Vers 12 : Le désespoir s'exprime par une exclamation doublée sonore “O douleur ! O
douleur !” appuyée par l'emploi de l'interjection “O”. Ce cri exprime la souffrance. L'allégorie
“Le Temps mange la vie” fait du temps une espèce de monstre, d'ogre. C'est une image très
forte. Nous avons une sorte d'antithèse, de conflit entre les noms communs “temps” et “vie”.
Le nom commun “temps” est sujet du verbe manger, il est donc présenté comme victorieux,
supérieur. Le temps devient donc un obstacle à la quête poétique de l'idéal.

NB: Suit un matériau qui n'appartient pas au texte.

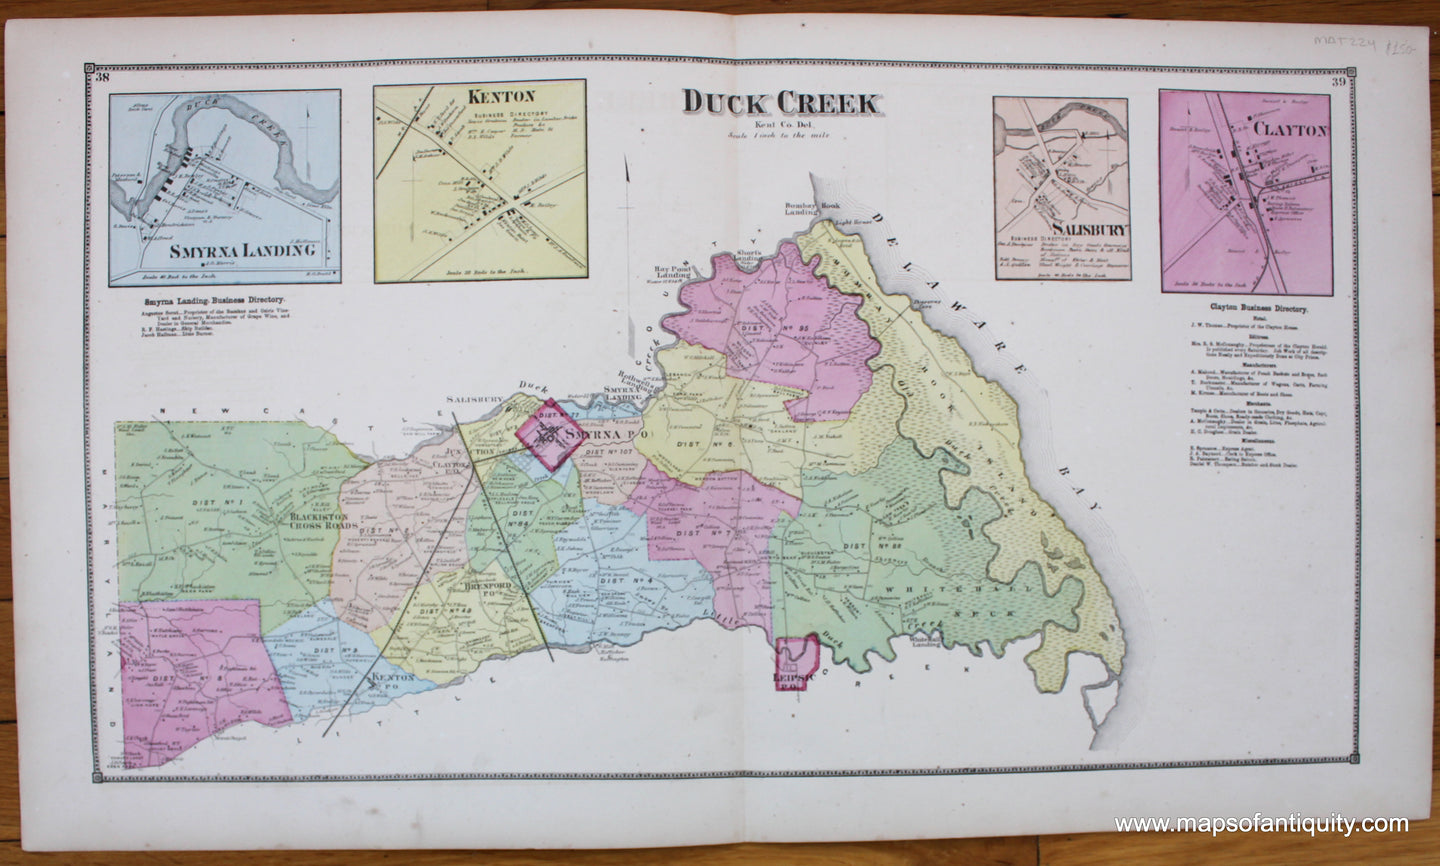 Duck-Creek-Kent-Co.-Del.-Smyrna-Landing.-Kenton.-Salisbury.-Clayton.-Antique-Map-1868-Beers-1860s-1800s-19th-century-Maps-of-Antiquity
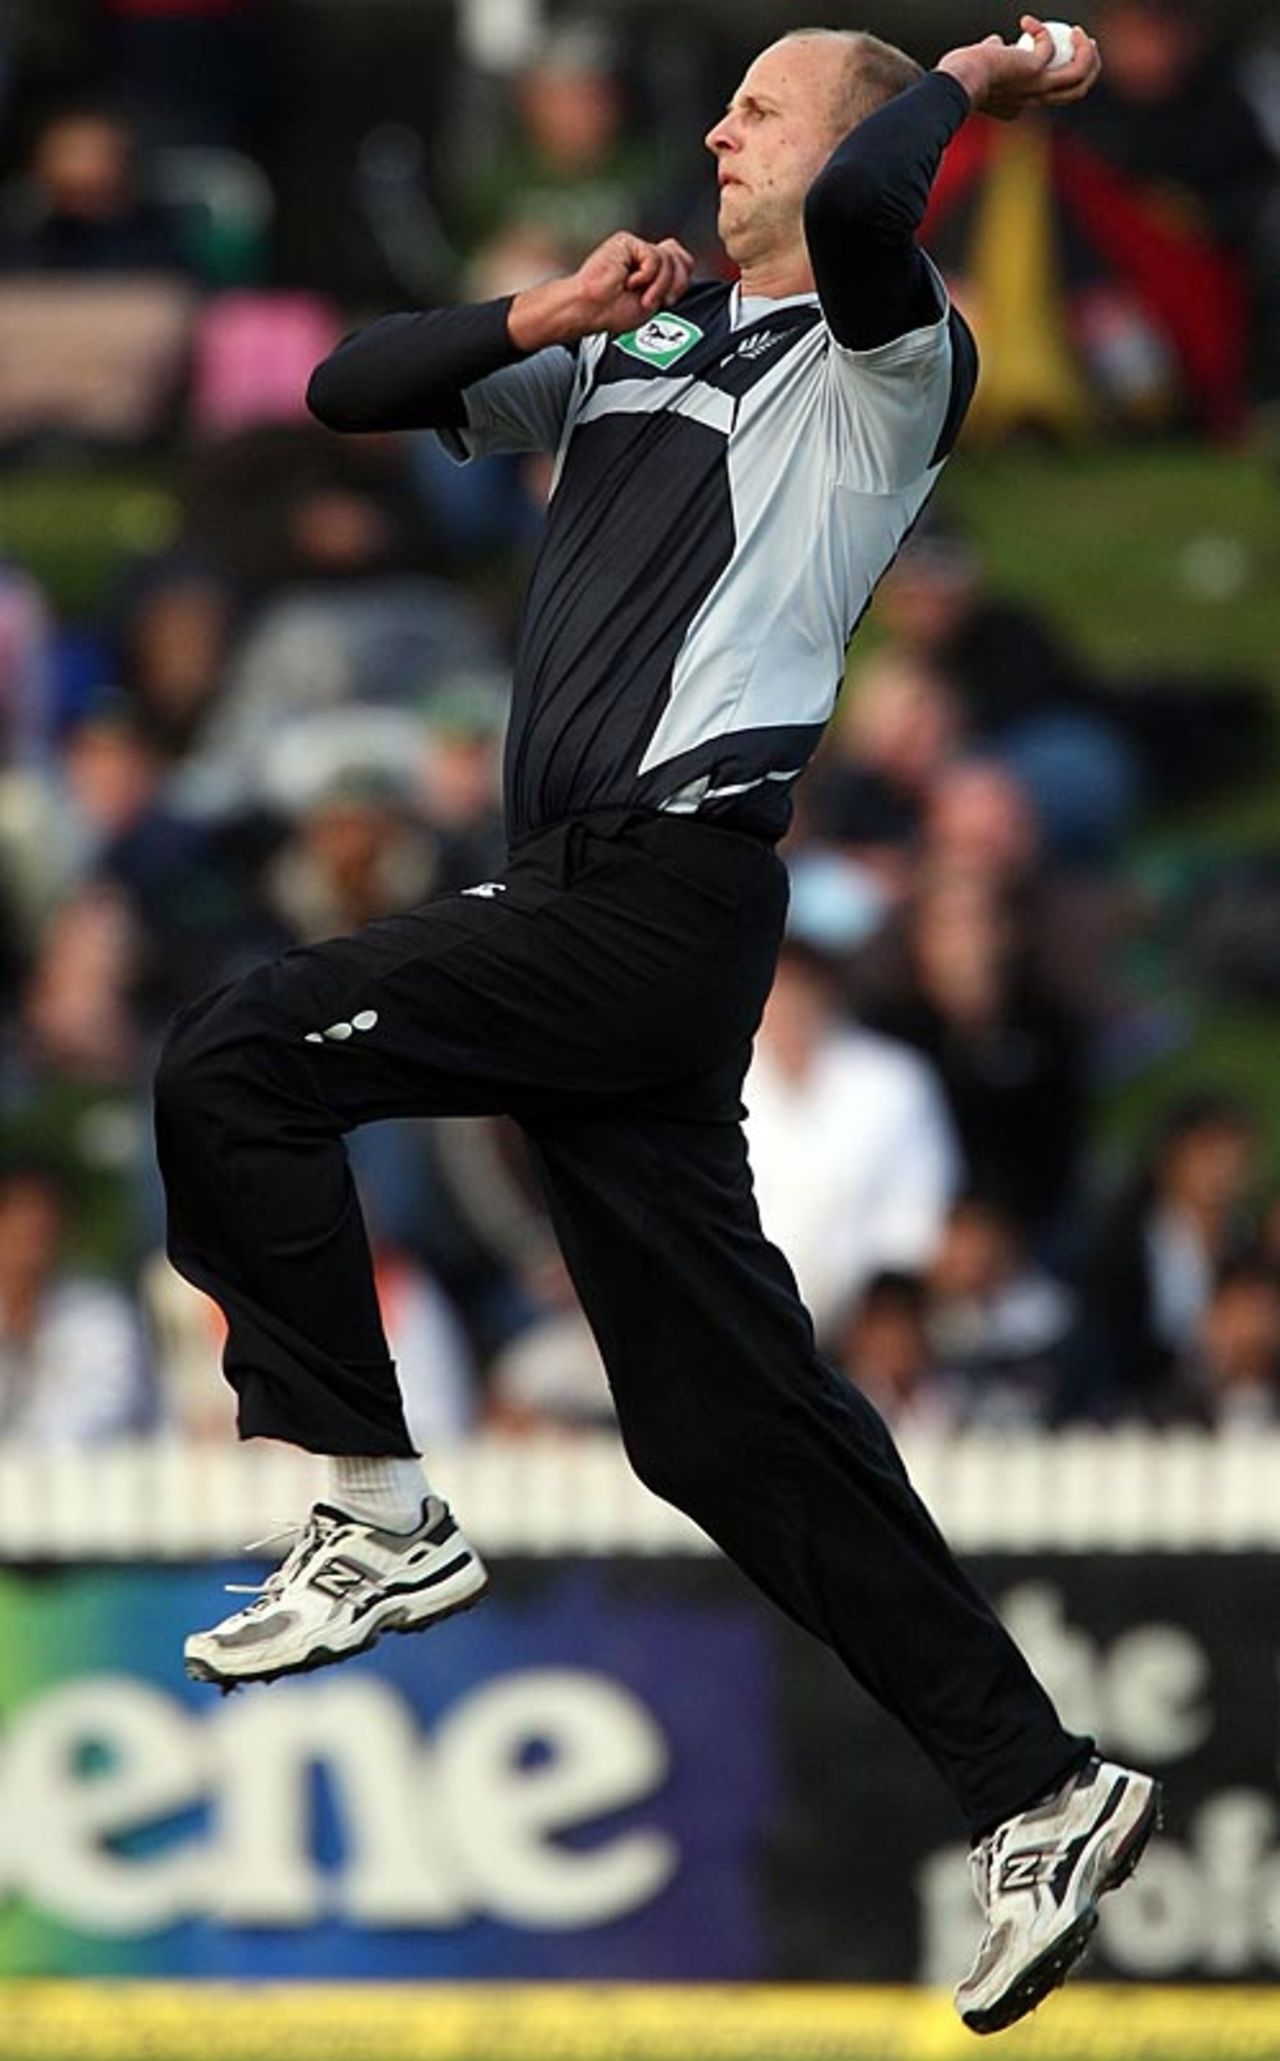 Ewen Thompson bowls on debut, New Zealand v India, 4th ODI, Hamilton, March 11, 2009

Vers 13 : La périphrase “l'obscur Ennemi qui nous ronge le cœur” désigne le temps
apparaissant comme une hantise, une obsession. L'adjectif qualificatif “obscur” est
polysémique; d'une part, il renvoie au spleen, d'autre part, il est synonyme d'invisible,
d'insaisissable. Le nom commun “cœur” est employé pour dire que l'ennemi touche l'homme
au plus profond de son être appuyé par l'emploi du verbe ronger. Le pronom personnel
“nous” dépersonnalise le poète puisque l'on est passé du personnel “je” à l'universel “nous”.
Le Temps est donc l'ennemi de tous les hommes.

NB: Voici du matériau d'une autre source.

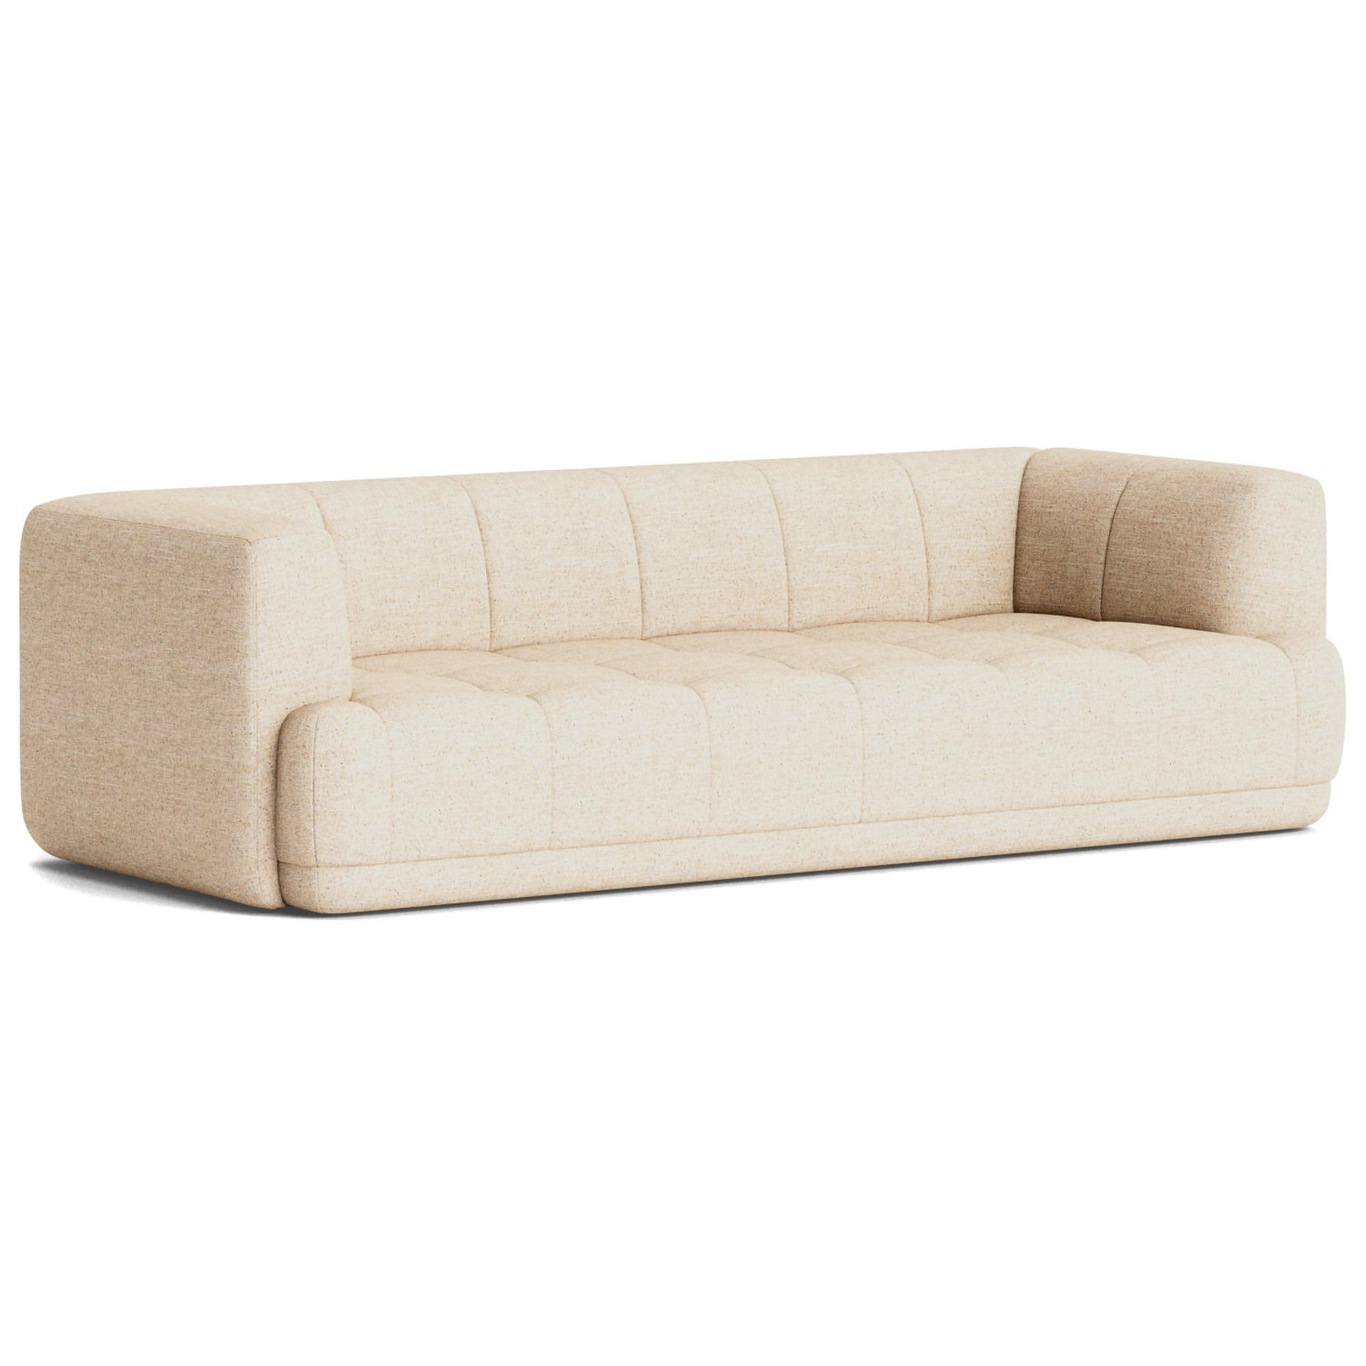 Quilton 3-Seter Sofa, Bolgheri LGG60

Vers 14 : Métaphore filée du cœur. Le nom commun “sang” symbolise la vie qui part. L'ordre
des mots dans ce vers suggère la lente victoire du temps puisque le temps se déploie
suivant le volume croissant des verbes : “croit”, puis “se fortifie”. Le temps est de plus en
plus oppressant et l'homme est de plus en plus affaibli. Le temps est donc représenté
comme une sorte de vampire.

Conclusion : Ce 2ème tercet marque donc l'hiver.

❖ Conclusion

Synthèse : Baudelaire reprend le thème de la conscience du temps qui passe, synonyme


d’angoisse et de mélancolie pour exprimer son mal être. Le temps est la cause et
l’instrument principaux du spleen. La présentation du temps comme un mal universel est
récurrente chez Baudelaire.

Ouverture : (à voir lecture linéaire 2)

❖ Vocabulaire

Métaphore filée : métaphore que l’auteur construit sur plusieurs lignes.

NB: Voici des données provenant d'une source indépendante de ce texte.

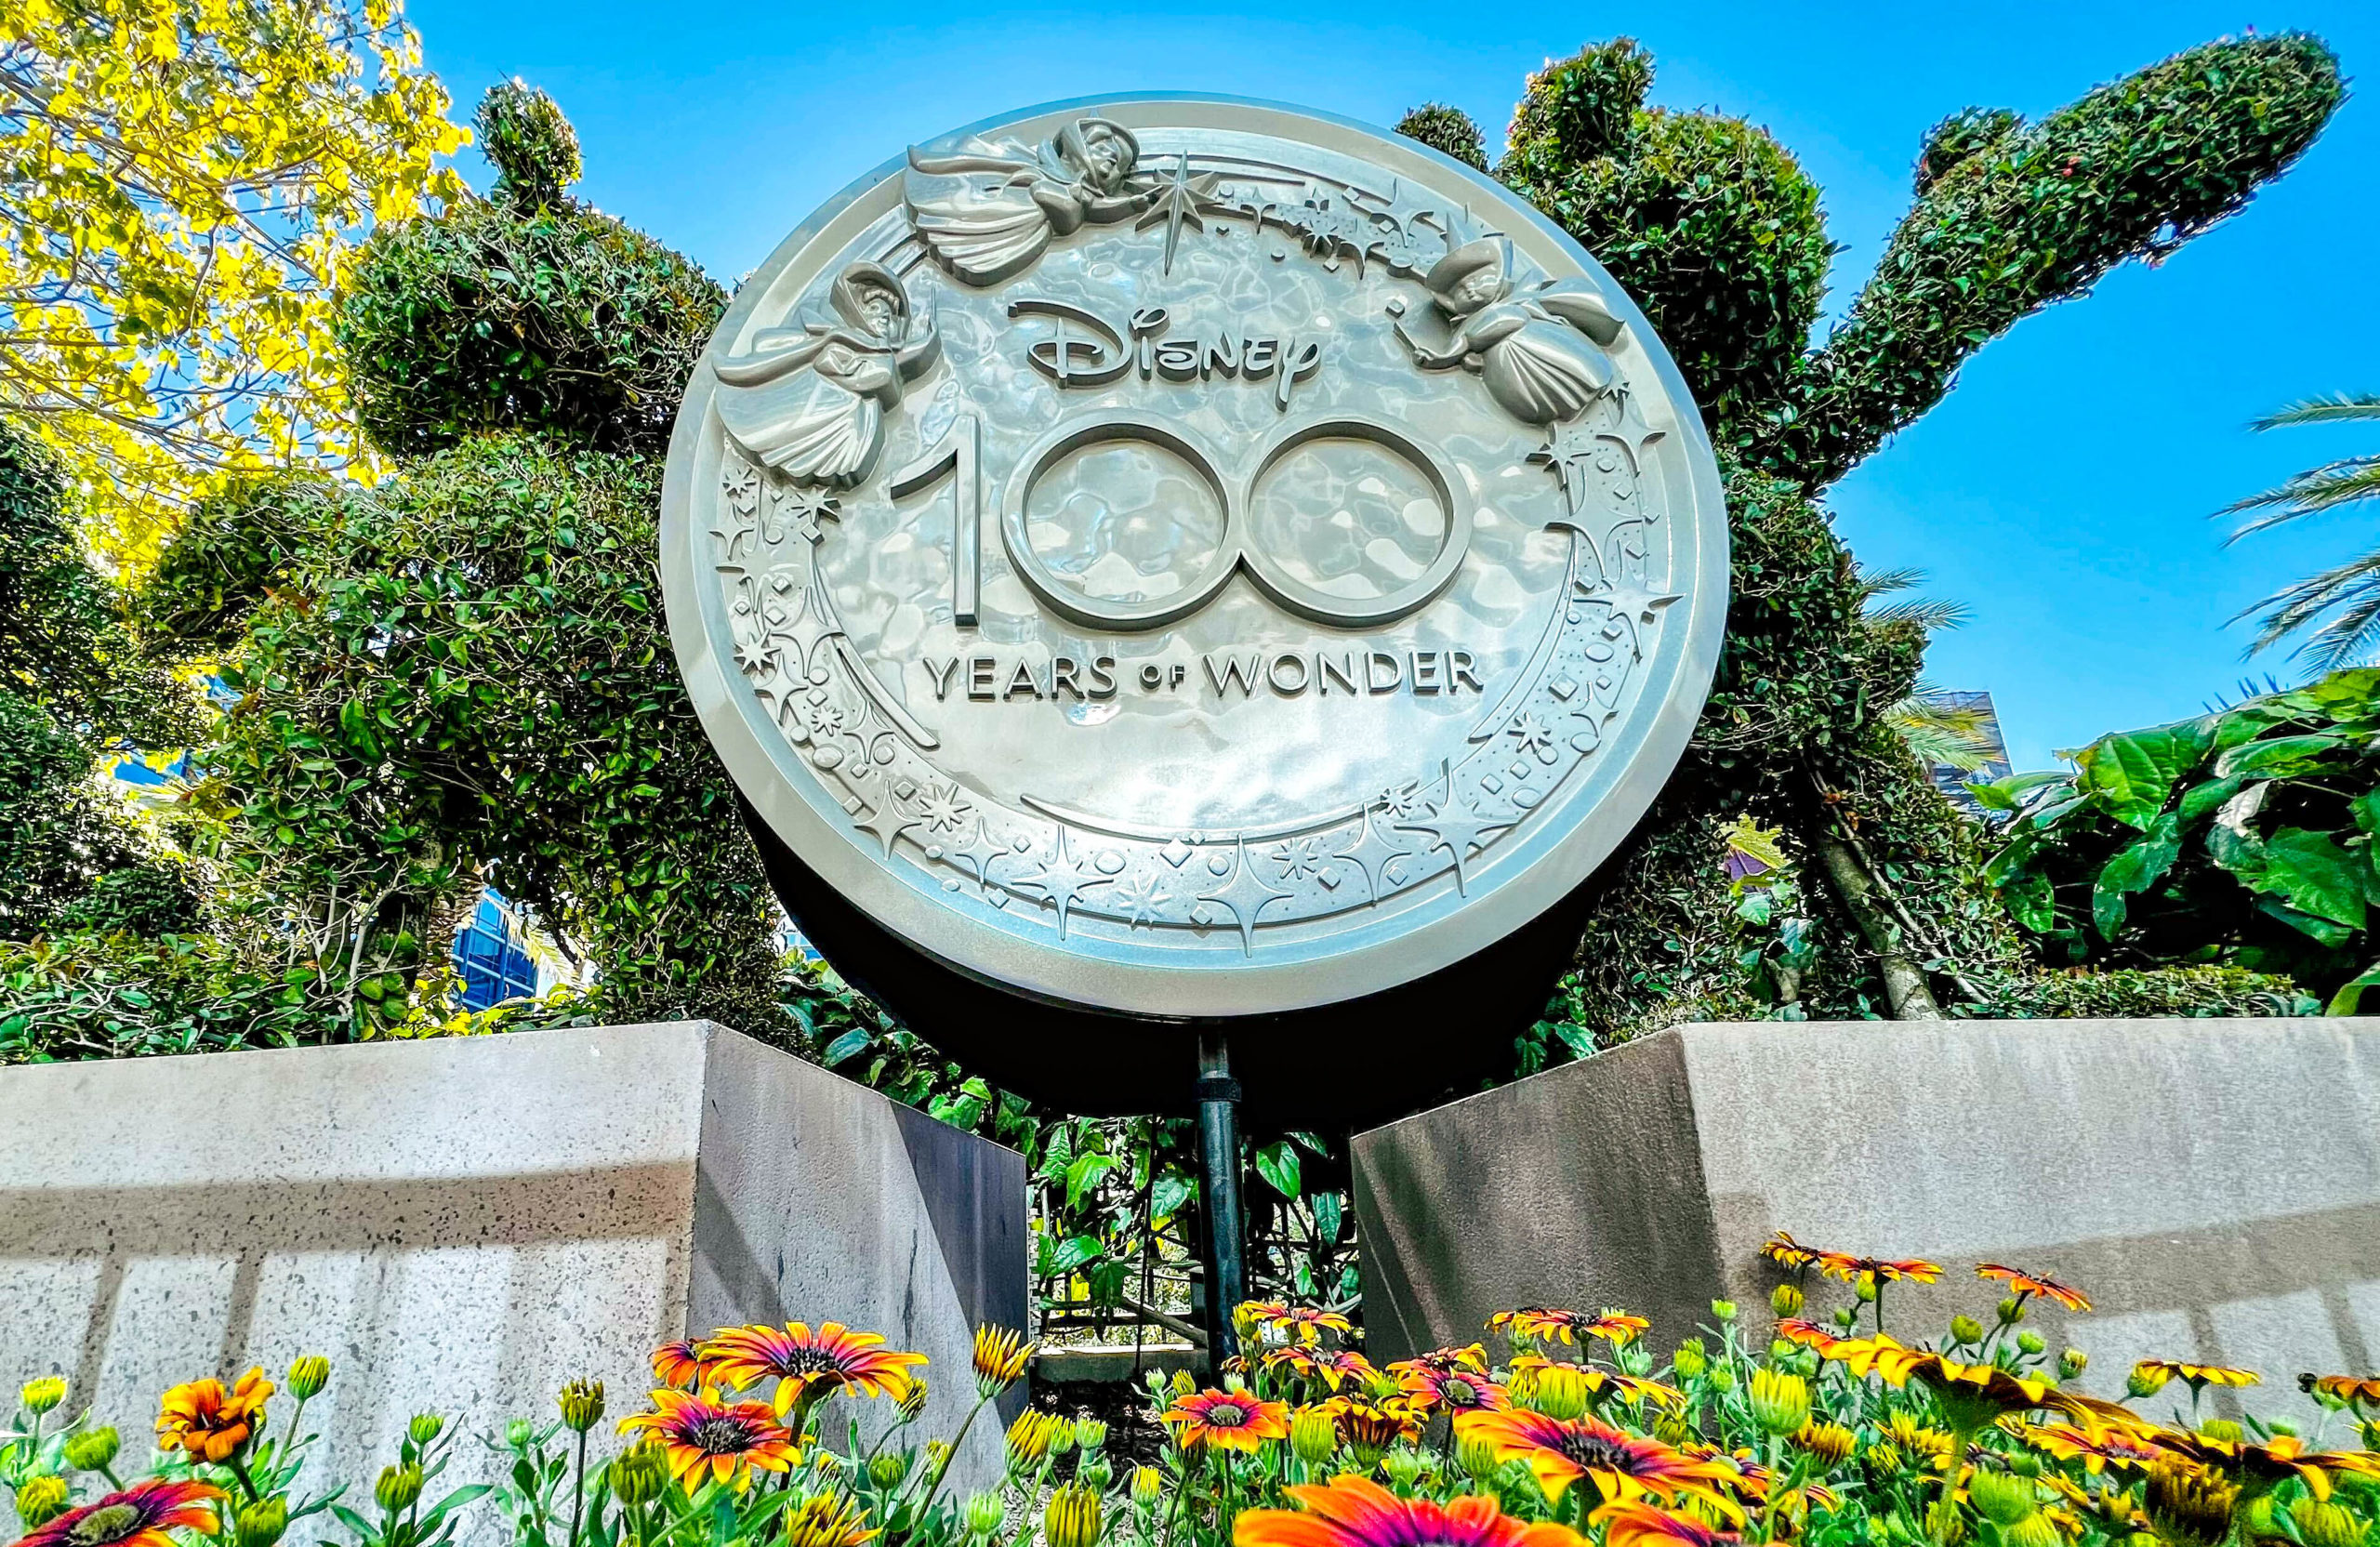 Disney100 Medallion

Spleen : anglicisme qui désigne l’ennui de toutes choses, une mélancolie profonde, voire un
certain dégoût de la vie.

Polysémique : qui a plusieurs sens.

Locution : groupe de mots formant une unité de sens et ayant la même fonction qu’un mot.
(ex : locution verbale (avoir l’air, prendre garde), adverbiale (en vain, tout de suite), conjonctive (dès que, pour
que), prépositive (auprès de, jusqu’à)).

Présentatif : terme, locution servant à présenter, à mettre en situation une nouvelle


information.

Interjection : Mot invariable pouvant être employé isolément pour traduire une attitude
affective de la personne qui s'exprime (ex. ah !, oh !, zut !).